When it comes to financial reporting in Australia, it's important to have a good grasp of accounting standards. This article aims to make things easier by breaking down AASB 15, which is the Australian Accounting Standard created by the Australian Accounting Standards Board (AASB) for recognising revenue from customer contracts. 

AASB 15 Summary

AASB 15, also known as the Australian Accounting Standard for revenue recognition from contracts with customers, was introduced to improve comparability across various entities and industries. It provides a standardised model for recognising revenue and is in line with international reporting standards.

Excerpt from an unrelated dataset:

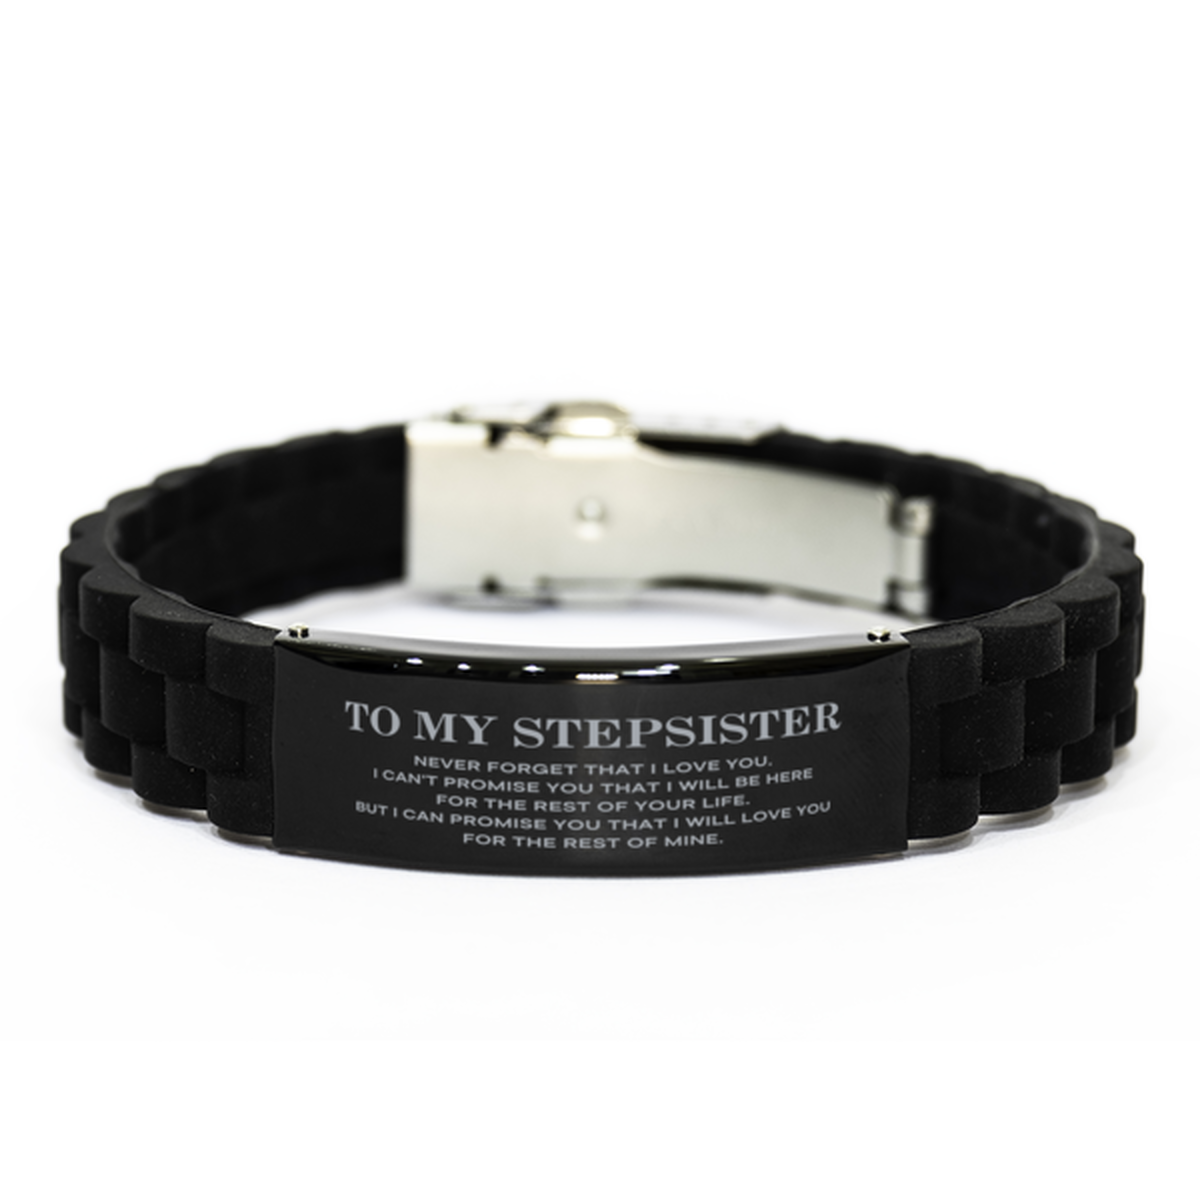 To My Stepsister Gifts, I will love you for the rest of mine, Love Stepsister Bracelet, Birthday Christmas Unique Black Glidelock Clasp Bracelet For Stepsister

AASB 15 is based on IFRS 15 revenue from contracts with customers, which was developed and amended by the International Accounting Standards Board (IASB).

It was built with IFRS 15 revenue from contracts with customers, created and amended by the International Accounting Standards Board (IASB), as its base. AASB 15 includes Australia-specific amendments, these amendments can be identified by them having the prefix “Aus”. 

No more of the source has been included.